A Hypothetical Planet

Kuiper orbits

Orbits of six distant Kuiper-belt objects. Their clustered perihelia and orbital orientations suggest they may have been shepherded by a massive object, hypothesized to be Planet Nine. [Caltech/Robert Hurt]

Early this year, a study was published that demonstrated that the clustered orbits of distant Kuiper belt objects (and several other features of our solar system) can be explained by the gravitational tug of a yet-undiscovered planet. This hypothetical Planet Nine is predicted to be a giant planet similar to Neptune or Uranus, with a mass of more than ~10 Earth masses, currently orbiting ~700 AU away.

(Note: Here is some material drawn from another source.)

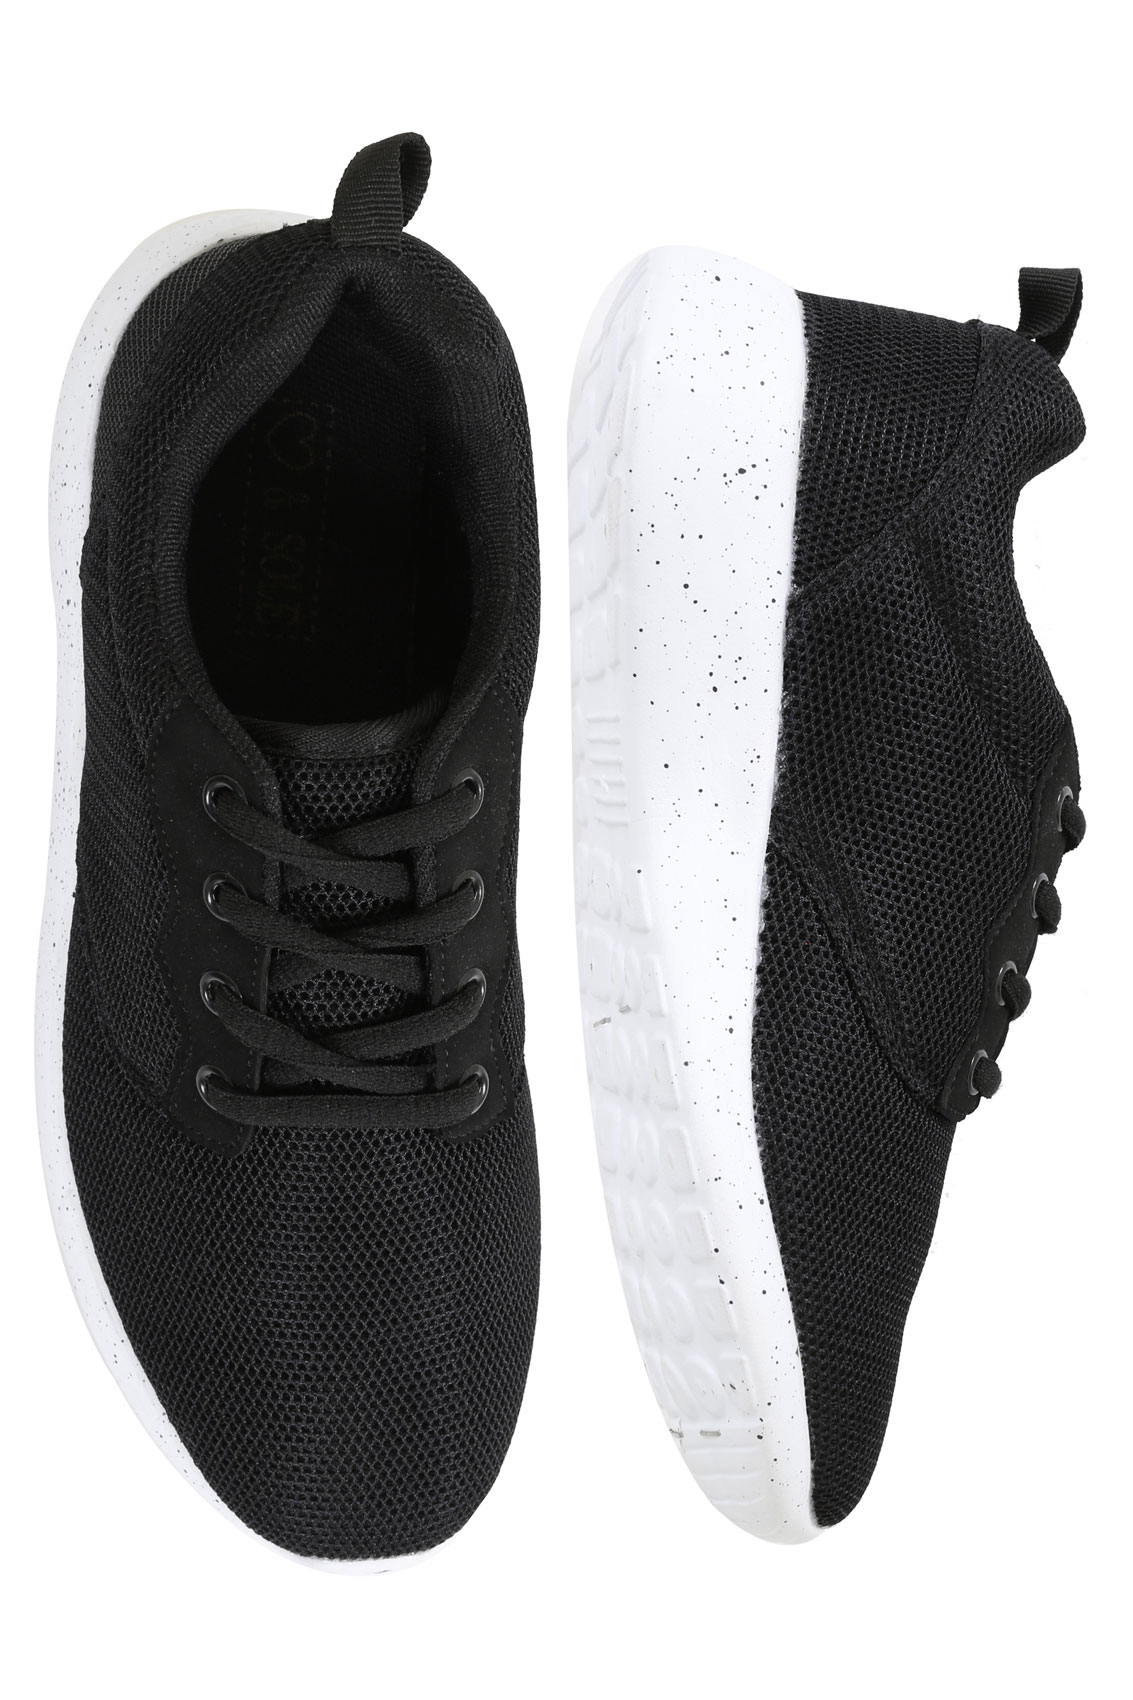 Black Mesh Detail Trainers With Flecked Cushioned Soles In E Fit, Size 4-8

In a recent study, a team of scientists led by Nicolas Cowan (McGill University in Canada) has estimated the blackbody emission expected from Planet Nine. The team proposes how we might be able to search for this distant body using its heat signature.

Heat from an Icy World

Cowan and collaborators first estimate Planet Nine’s effective temperature, based on the solar flux received at ~700 AU and assuming its internal heating is similar to Uranus or Neptune. They find that Planet Nine’s effective temperature would likely be an icy ~30–50 K, corresponding to a blackbody peak at 50–100 micrometers.

Planet Nine search space

Search space for Planet Nine. Based on its millimeter flux and annual parallax motion, several current and future cosmology experiments may be able to detect it. Experiments’ resolution ranges are shown with blue boxes. [Cowan et al. 2016]

How can we detect an object with emission that peaks in this range? Intriguingly, cosmology experiments monitoring the cosmic microwave background (CMB) radiation are optimized for millimeter flux. At a wavelength of 1mm, Cowan and collaborators estimate that Planet Nine would have a very detectable flux level of ~30 mJy. The authors propose that CMB experiments with high enough resolution (~5m telescopes and larger) could have the ability to detect Planet Nine!

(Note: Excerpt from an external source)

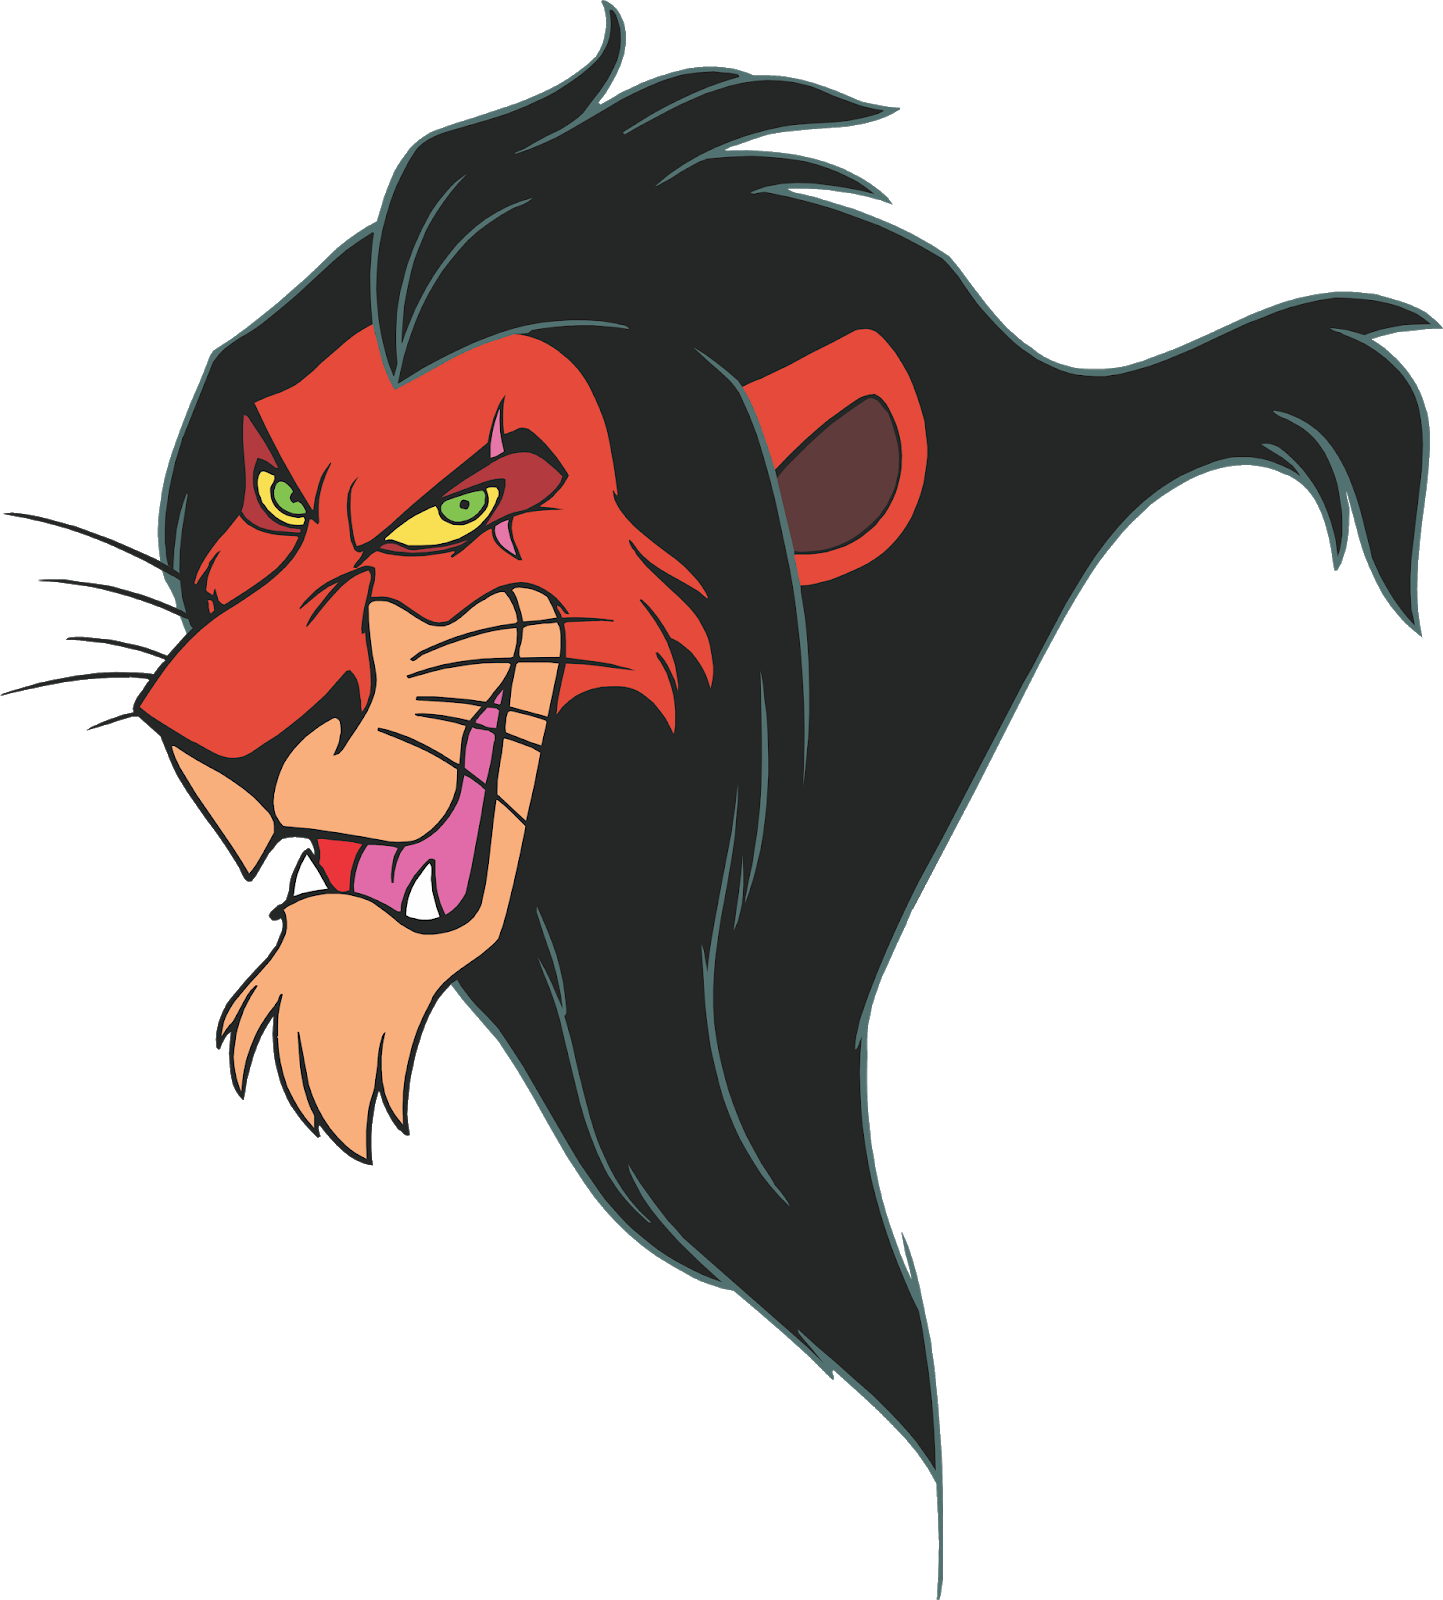 Download Timon And Pumbaa Cartoon Character, Timon And Pumbaa - Scar Lion  King Mane PNG Image with No Background

There’s one major catch: how can we differentiate between Planet Nine and the ~4000 foreground asteroids that are brighter than 30 mJy at millimeter wavelengths?

Cowan and collaborators argue that this can be done using a combination of asteroid databases and parallax measurements. The authors calculate that Planet Nine should move roughly a few arcseconds per day, mostly due to parallax. In comparison, asteroids will move ~10 arcminutes per day in a combination of proper motion and parallax — an order of magnitude faster than Planet Nine.

Resolution Constraints

To hunt down Planet Nine, we therefore need telescopes that can not only resolve a 30 mJy point source, but can also resolve an annual parallax motion of ~5 arcminutes per year.

The authors demonstrate that several current and planned CMB experiments have the resolution and ability to detect Planet Nine, provided that they map large swatches of the sky and return to the same regions every few months. These experiments include CCAT, the South Pole Telescope, the Atacama Cosmology Telescope, CMB-S4, and even possibly Planck.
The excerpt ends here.